Mind you, Feynmann got there years ago:

“It doesn’t matter how beautiful your theory is, it doesn’t matter how smart you are. If it doesn’t agree with experiment, it’s wrong.”

July 15, 2011

Philosophy 15

Filed under: Philosophy — Jonathan Lewis @ 5:19 pm BST Jul 15,2011

If you run a query that is supposed to return one row from a large table, and there’s a suitable index in place you would probably expect the optimizer to identify and use the index. If you change the query to return all the data (without sorting) from the table you would probably expect the optimizer to choose a full tablescan.

This leads to a very simple idea that is often overlooked:

Sometimes it takes just one extra row (that the optimizer knows about) to switch a plan from an indexed access to a full tablescan.

There has to be a point in our thought experiment where the optimizer changes from the “one row” indexed access to the “all the rows” tablescan.

If you’re lucky and the optimizer’s model is perfect there won’t be any significant difference in performance, of course. But we aren’t often that lucky, which is why people end up asking the question:  “How come the plan suddenly went bad, nothing changed … except for a little bit of extra data?” All is takes is one row (that the optimizer knows about) to change from one plan to another – and sometimes the optimizer works out the wrong moment for making the change.

March 25, 2011


Filed under: Oracle,Philosophy,Troubleshooting — Jonathan Lewis @ 6:51 pm BST Mar 25,2011

“There is no space problem.”

If you saw this comment in the middle of a thread about some vaguely described Oracle problem, which of the following would you think was the intended meaning:

    There is a problem – we have no space.
    We do not have a problem with space

Wouldn’t it make life so much easier to choose between:

    We are not seeing any Oracle errors.
    We are seeing Oracle error: “ORA-01653: unable to extend table X by N in tablespace Z”

(That’s just one of many possible space-related errors, of course.)

February 17, 2011

Philosophy – 14

Filed under: Philosophy — Jonathan Lewis @ 6:48 pm BST Feb 17,2011

Paraphrasing Yogi Berra:

    “It ain’t committed until it’s committed.”
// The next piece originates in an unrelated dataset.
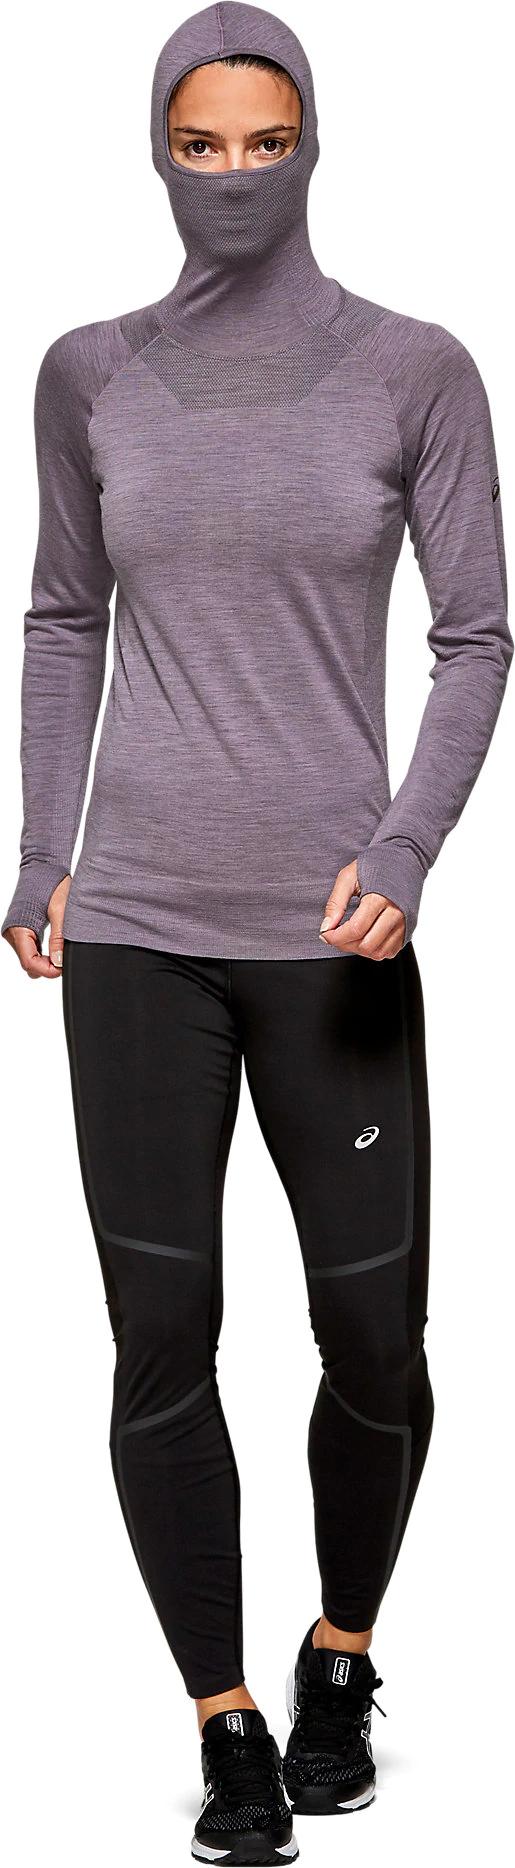 Women's Metarun Long Sleeve | Lavender Grey | Long Sleeve Shirts ...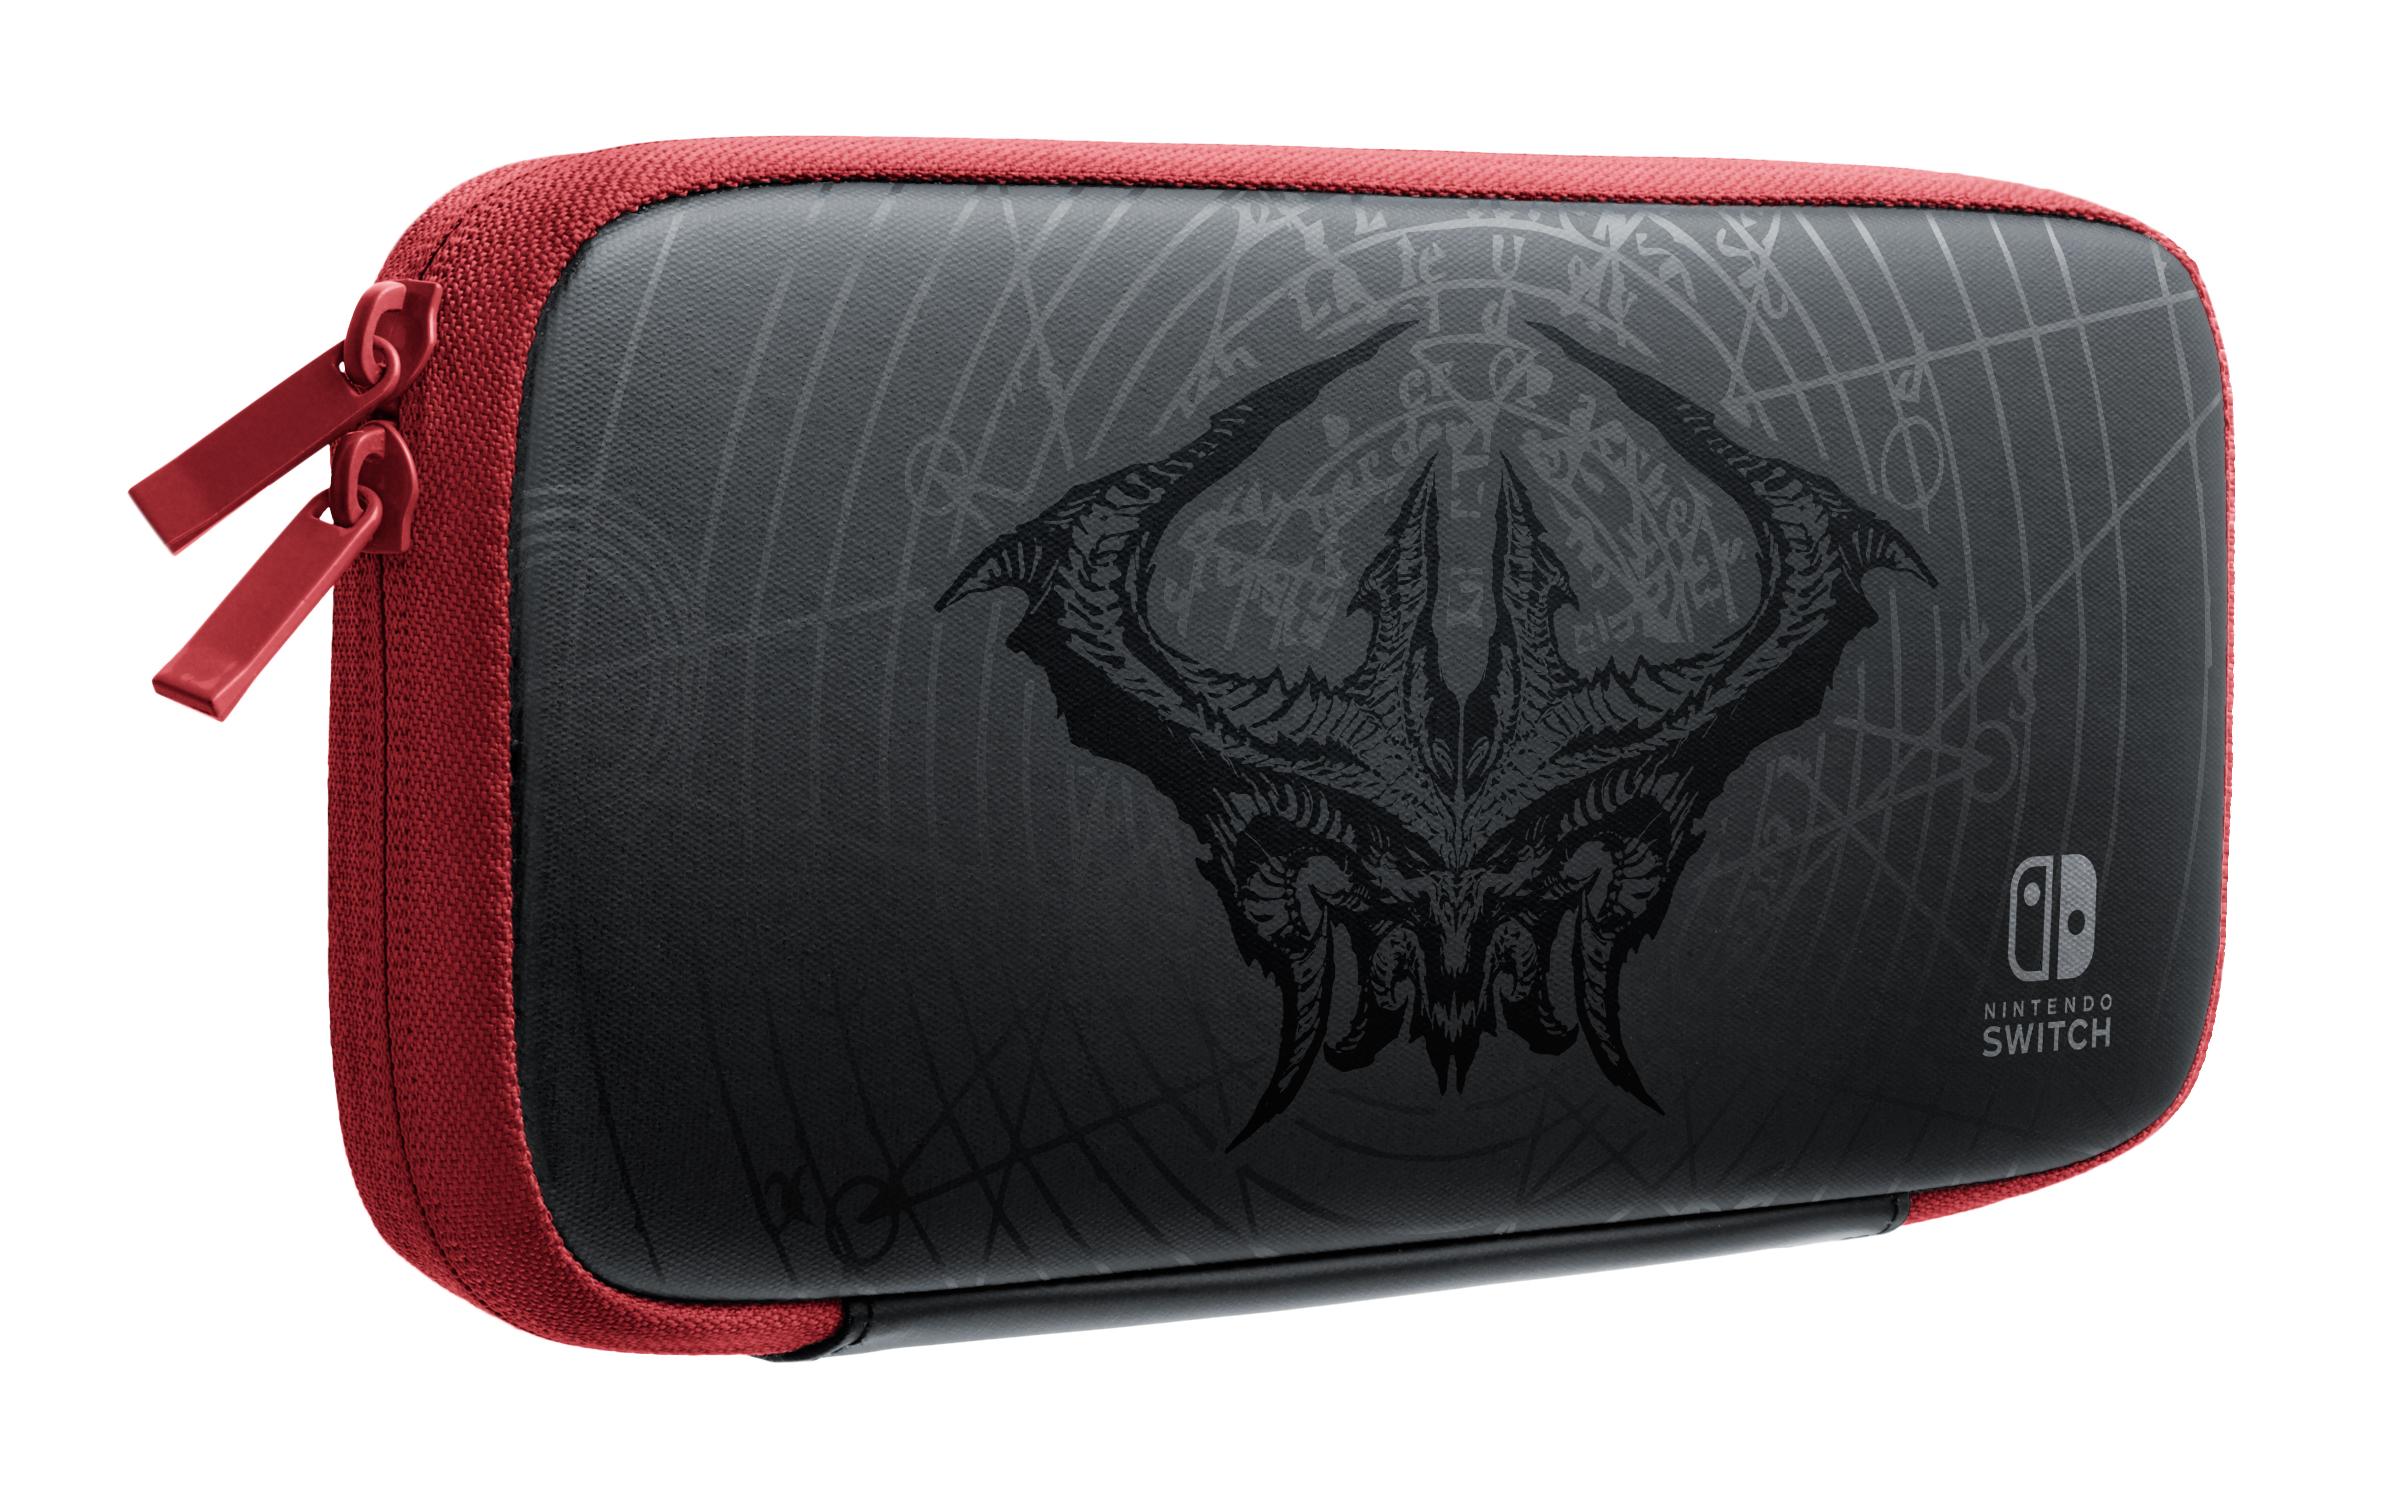 Nintendo Switch Presents its Special Edition of Diablo 3

If you’re wondering why it’s worth remembering this odd comment – it addresses the (commonly asked) question:

    “does the redo log contain uncommitted data as well as committed data?”

The answer is: yes.

When a session is creating redo change vectors it doesn’t know whether it is going to commit or rollback. But a session has to be able to store an arbitrarily large list of change vectors somewhere, and that list has to appear in the redo log (ideally “instantly”) if the session commits – so Oracle avoids delays on commit by putting the change vectors into the redo log as they are created***.

If you view the question from the opposite extreme, the recovery mechanism has to be able to deal with uncommitted data anyway because there are, after all, several scenarios where data that definitely was committed cannot be recovered; for example, recovery until end of log file 9998 because log file 9999 was destroyed and simply doesn’t exist – how can the code handle transactions that were not committed until part way through file 9999 if it only knows how to handle committed transactions ?)

*** Not strictly true from 10g onwards where Oracle introduced a delaying effect aimed at reducing competition for the redo allocation and redo copy latches for “small” transactions.